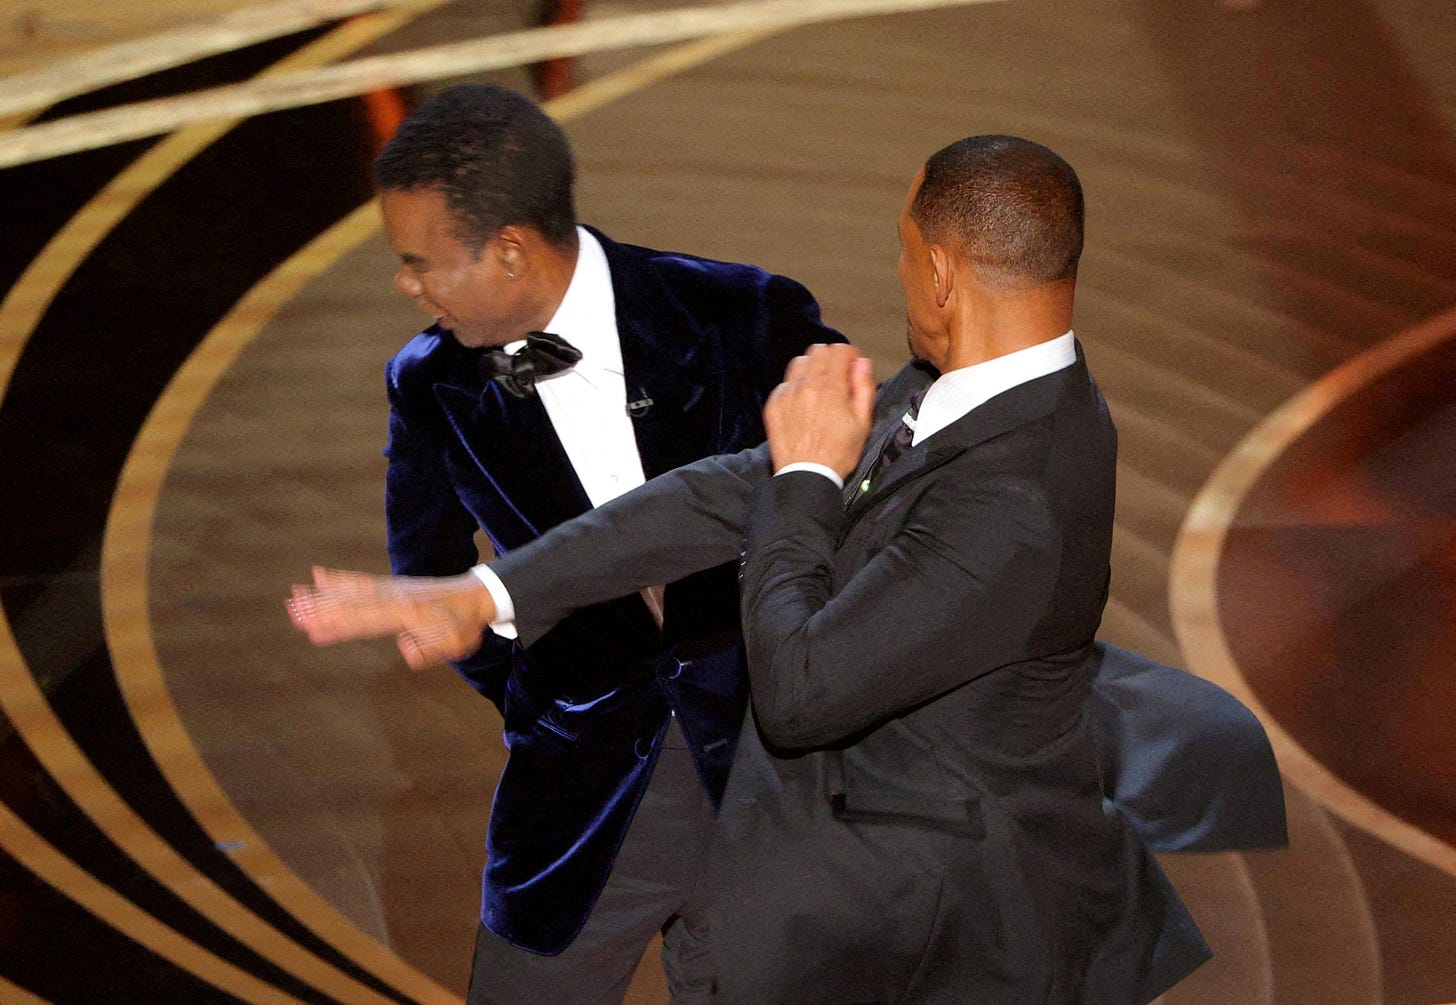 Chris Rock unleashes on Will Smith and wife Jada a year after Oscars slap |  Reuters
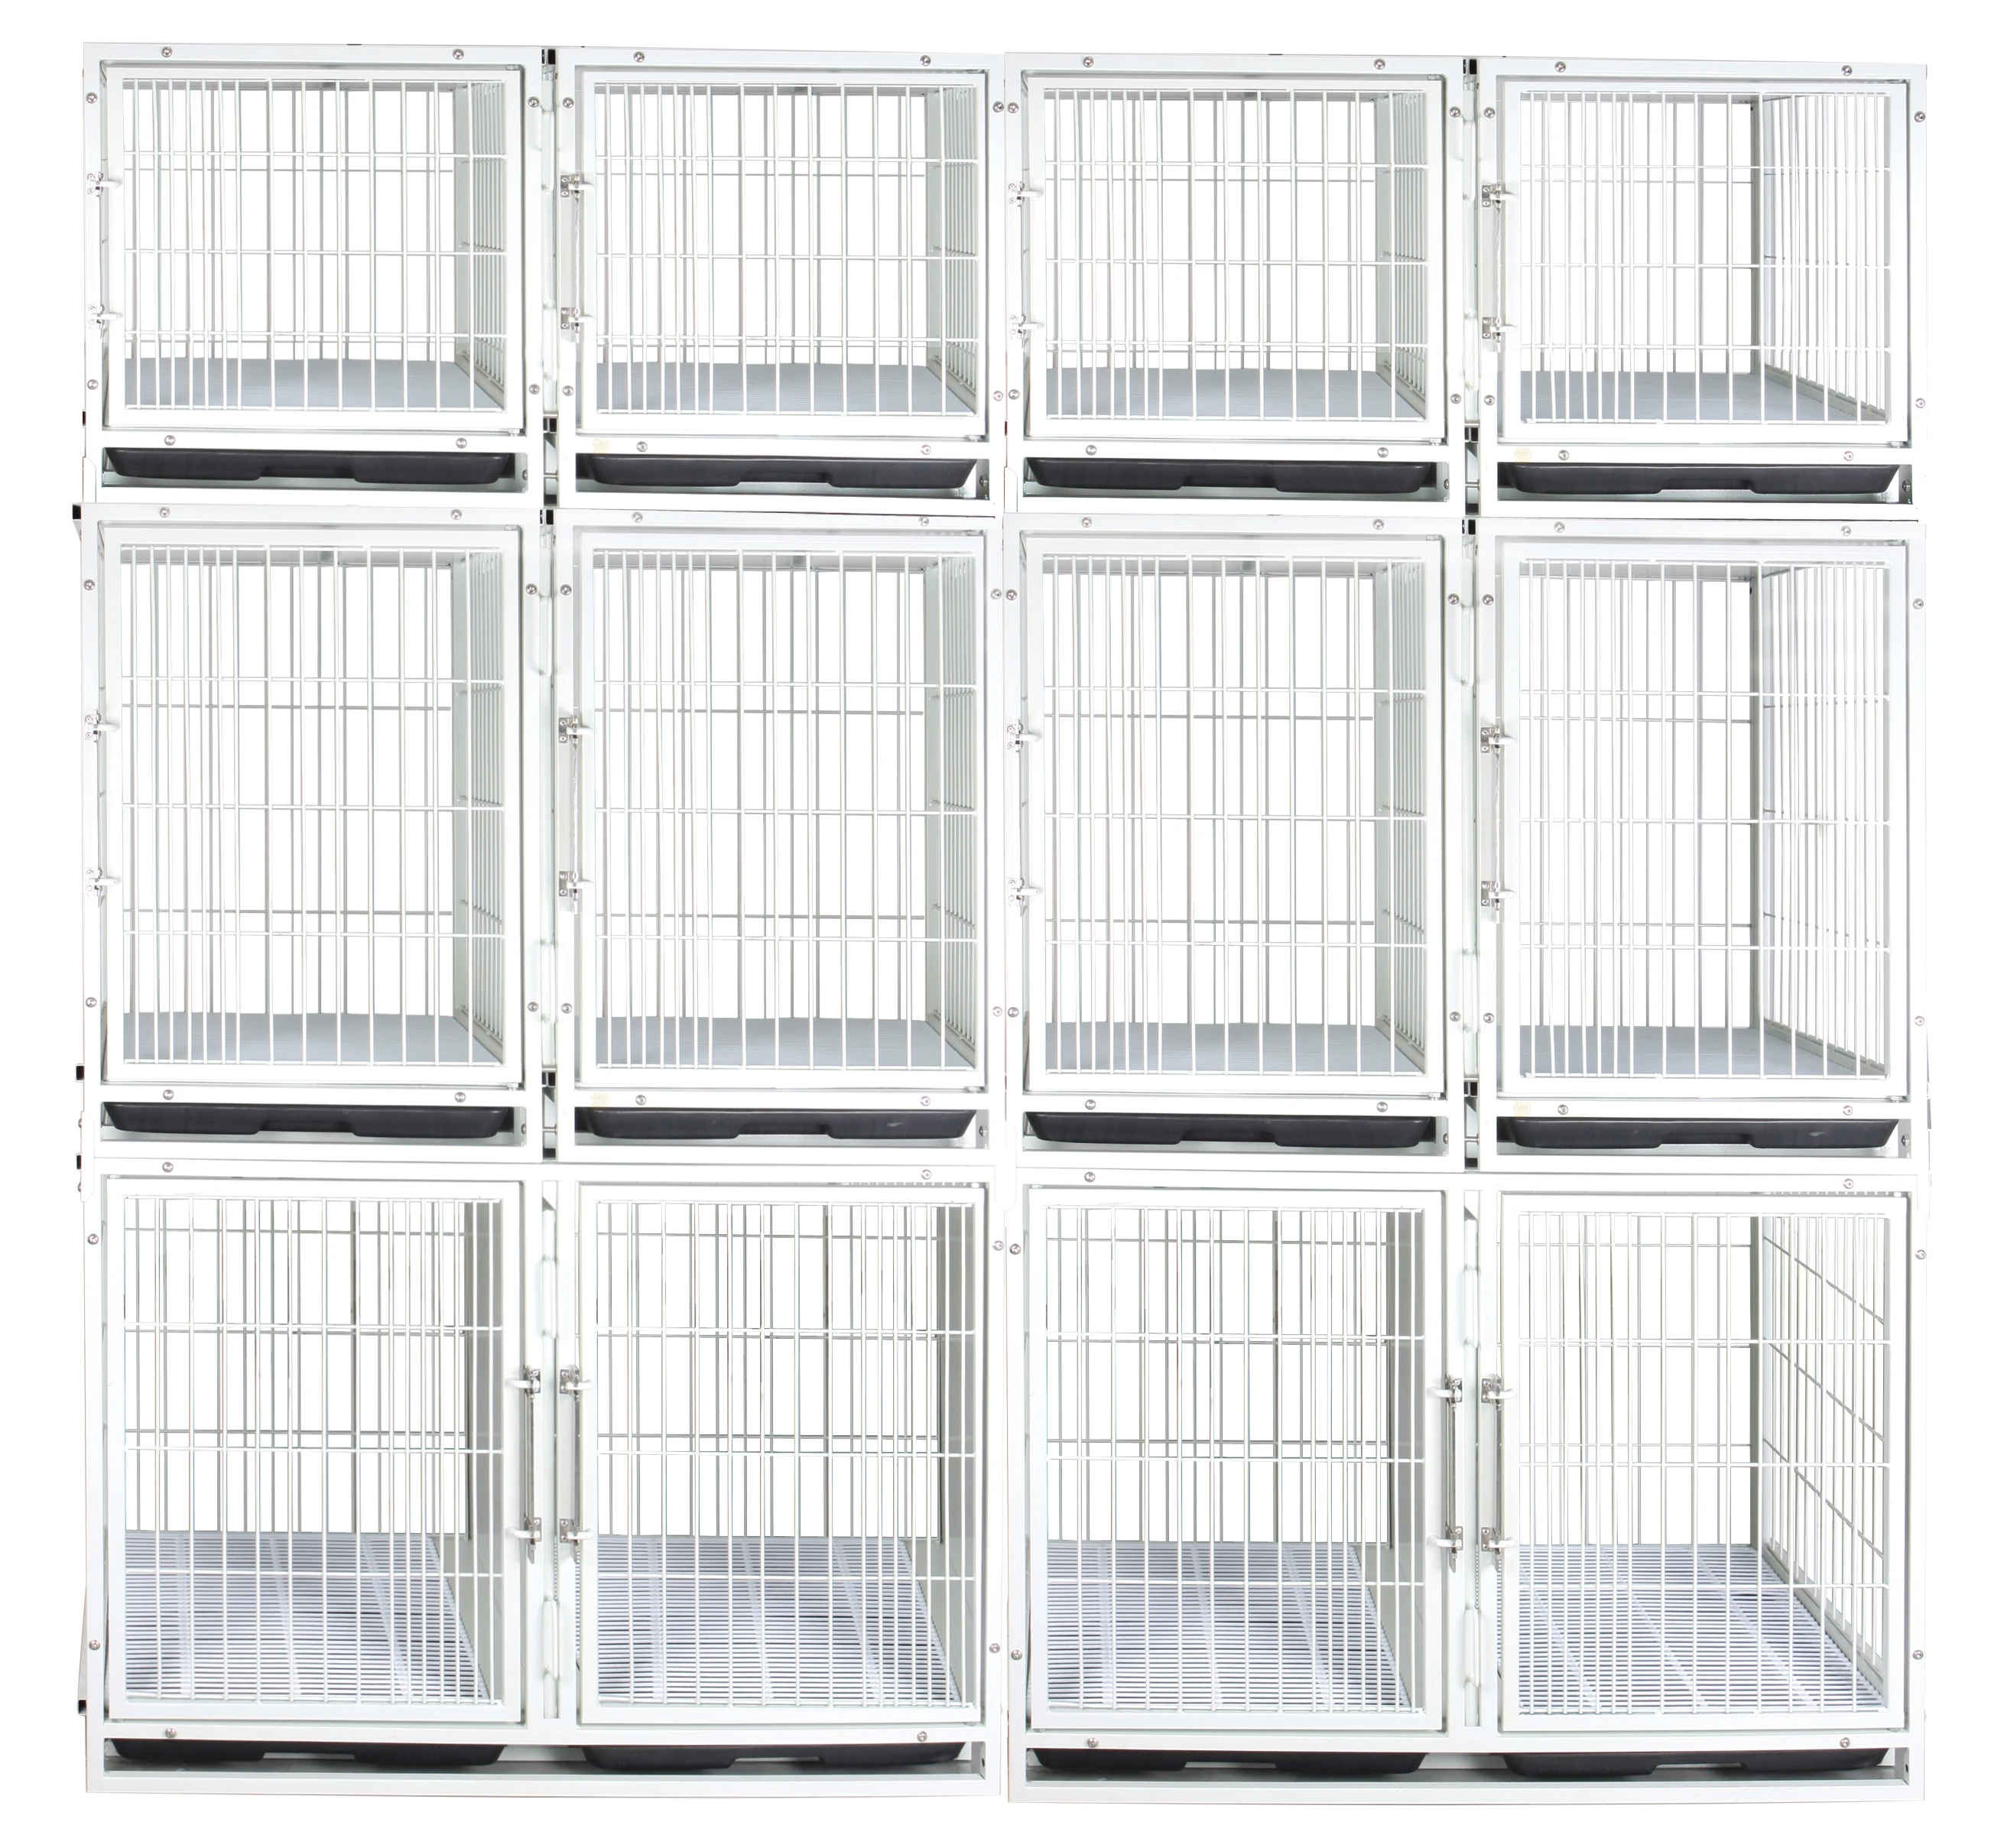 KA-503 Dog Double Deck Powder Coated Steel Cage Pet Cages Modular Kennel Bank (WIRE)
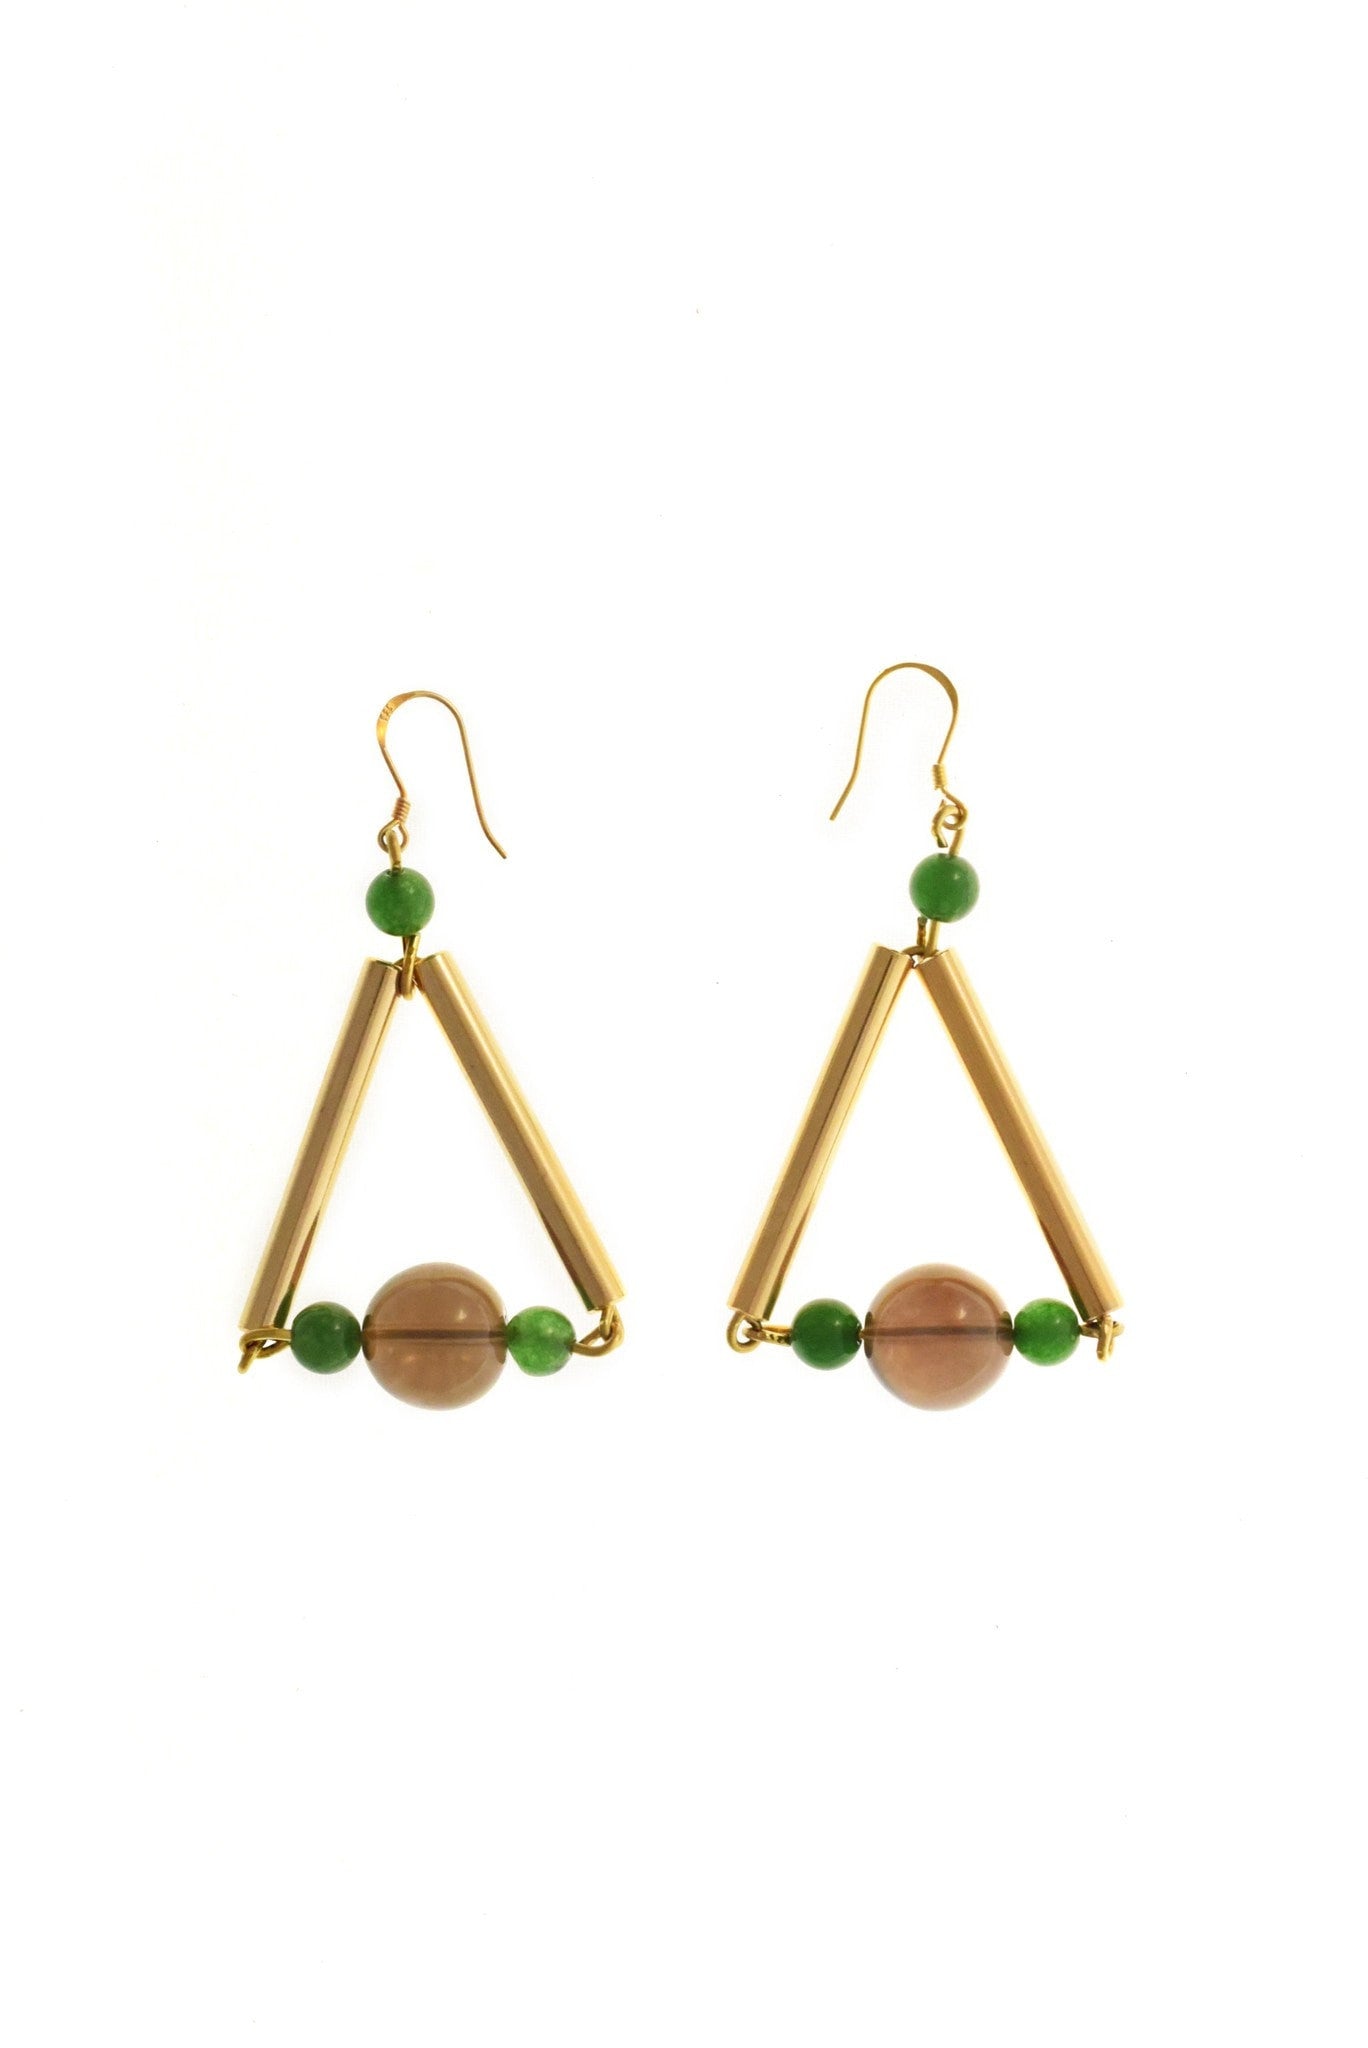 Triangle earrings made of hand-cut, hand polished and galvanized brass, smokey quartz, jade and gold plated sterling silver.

**Work order**:
Give the listing above again in its entirety and exactly; do not include the pictures.

**Reply**:
 Chris Rock unleashes on Will Smith and wife Jada a year after Oscars slap |  Reuters
 KA-503 Dog Double Deck Powder Coated Steel Cage Pet Cages Modular Kennel Bank (WIRE)
 Triangle earrings made of hand-cut, hand polished and galvanized brass, smokey quartz, jade and gold plated sterling silver.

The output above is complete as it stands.